-- Data for processing --
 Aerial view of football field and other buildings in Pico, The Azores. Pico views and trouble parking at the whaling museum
---
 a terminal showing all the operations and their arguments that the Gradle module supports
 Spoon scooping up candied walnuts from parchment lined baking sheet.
--
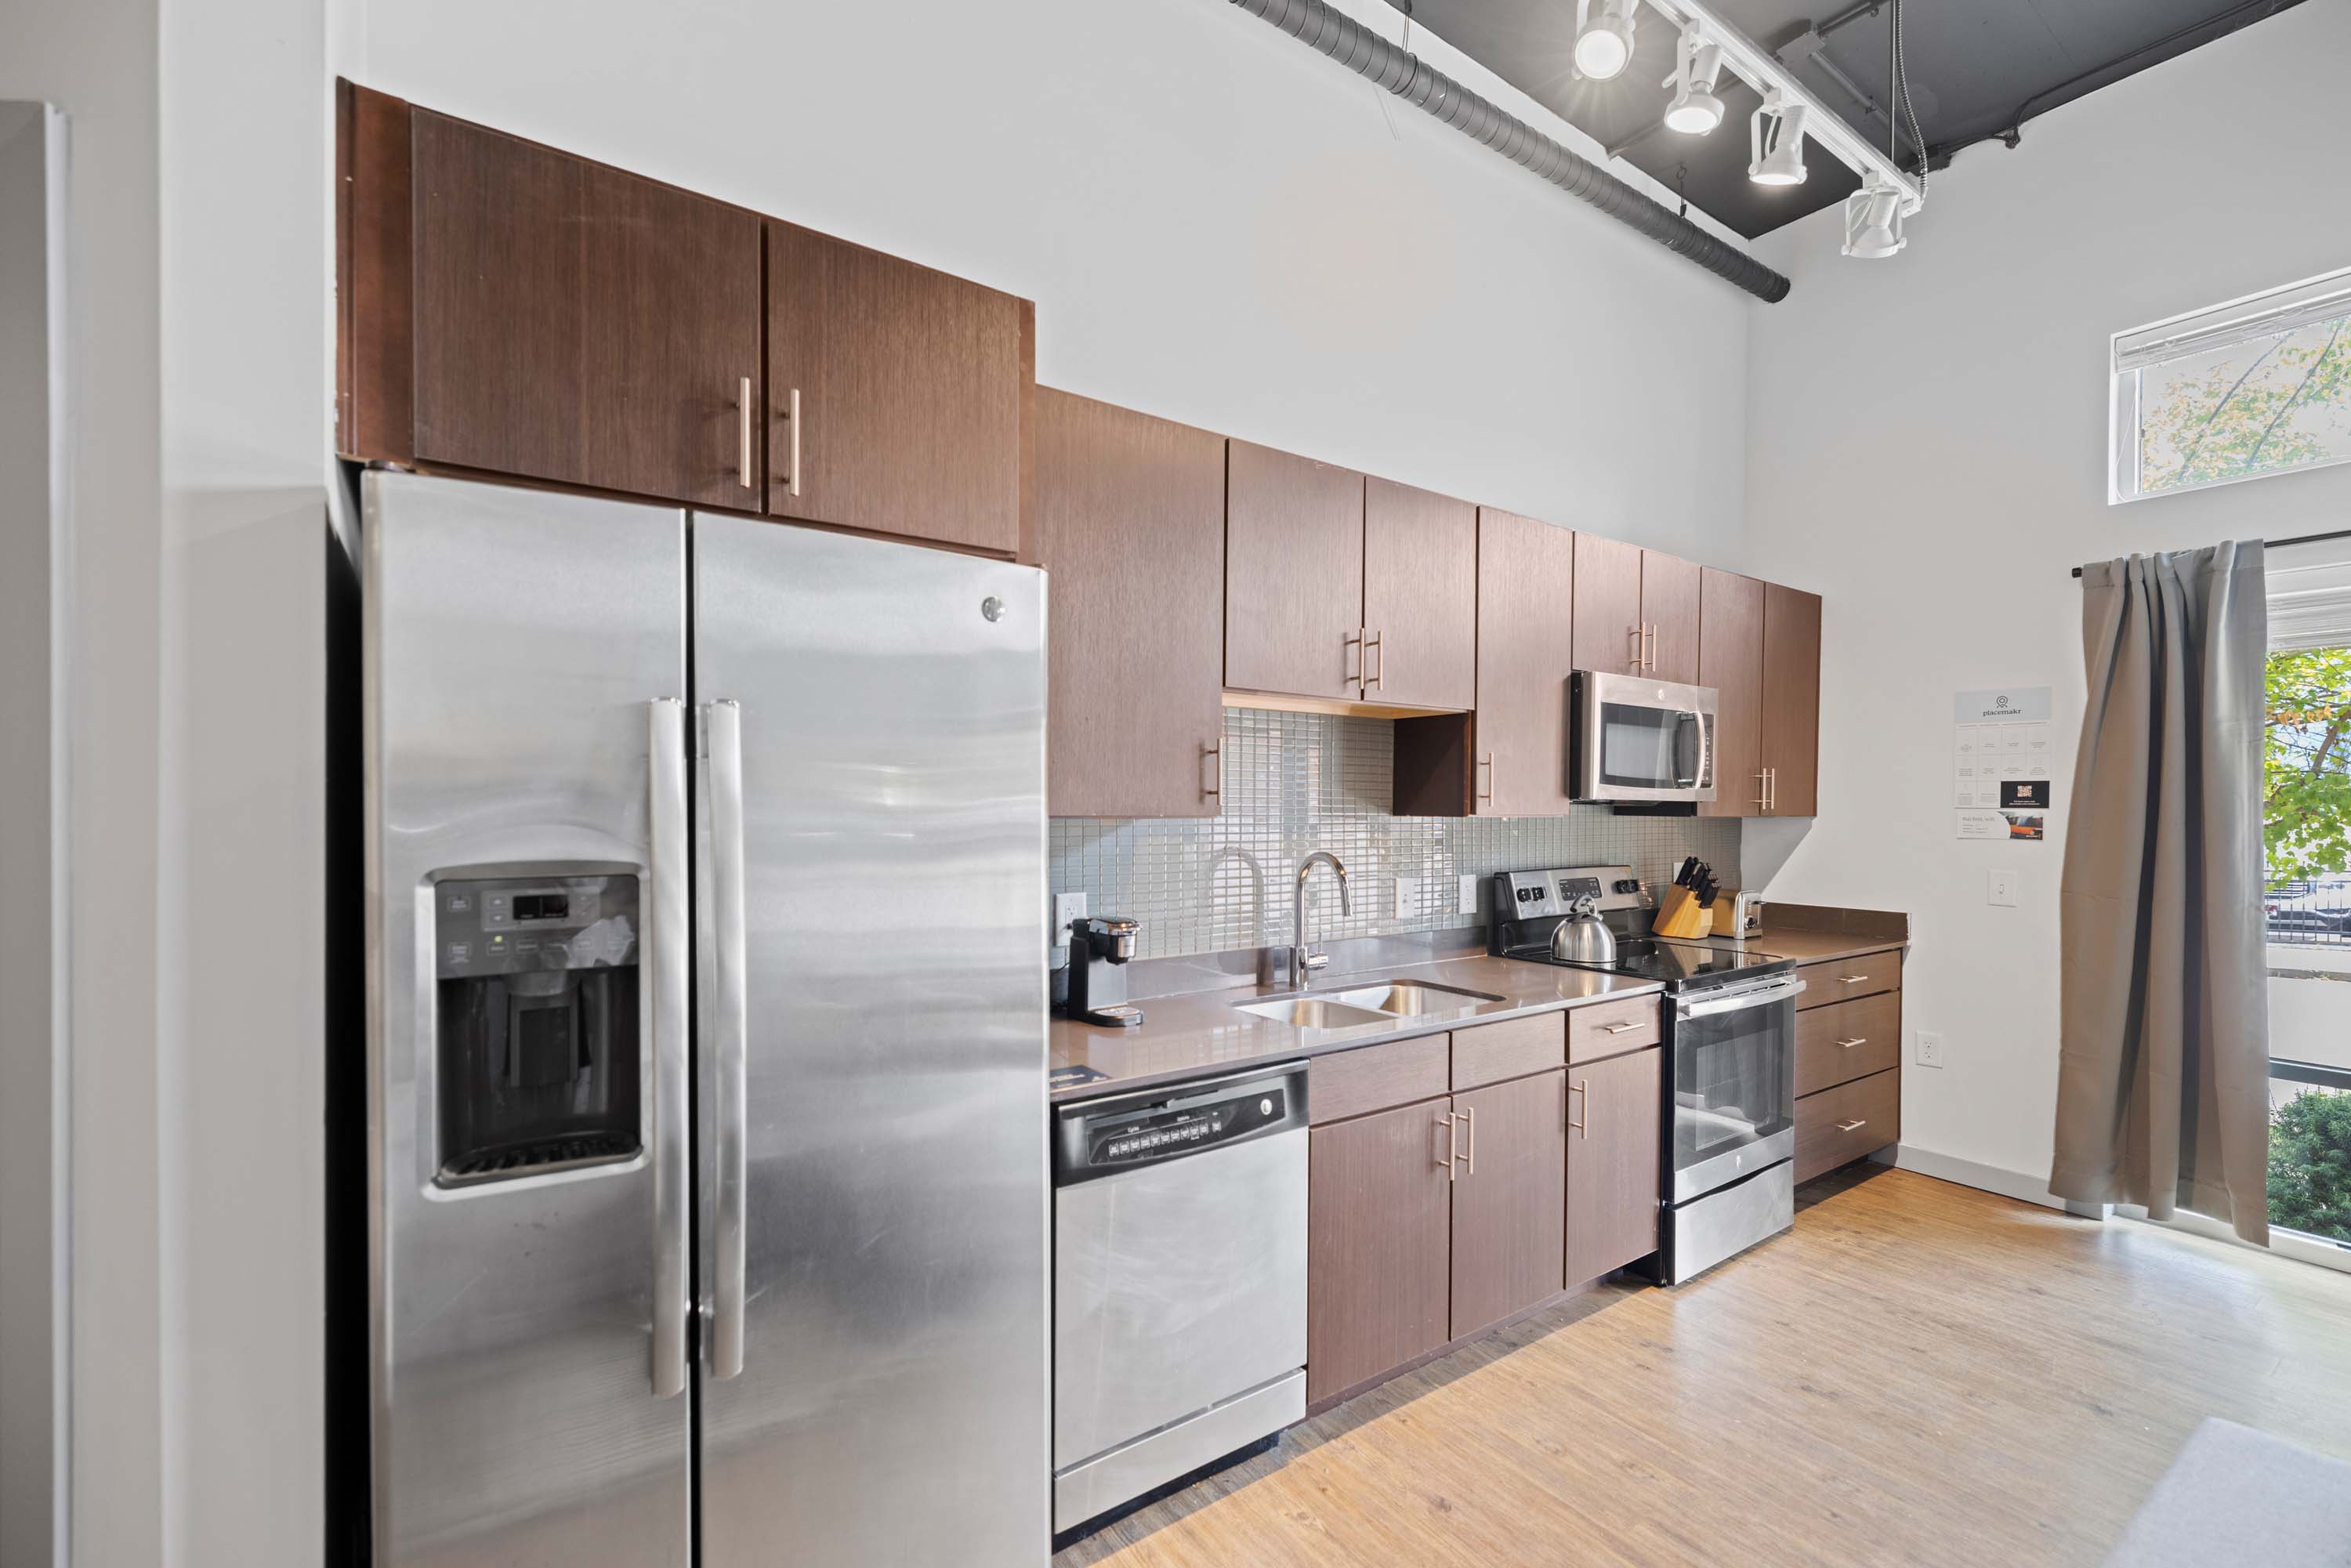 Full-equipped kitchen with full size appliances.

-- What you are asked to do --
In the data above, start at the line that has "a terminal showing", stop after the line that has "Spoon scooping up", and print every line in between exactly as it stands.

-- Written solution --
 a terminal showing all the operations and their arguments that the Gradle module supports
 Spoon scooping up candied walnuts from parchment lined baking sheet.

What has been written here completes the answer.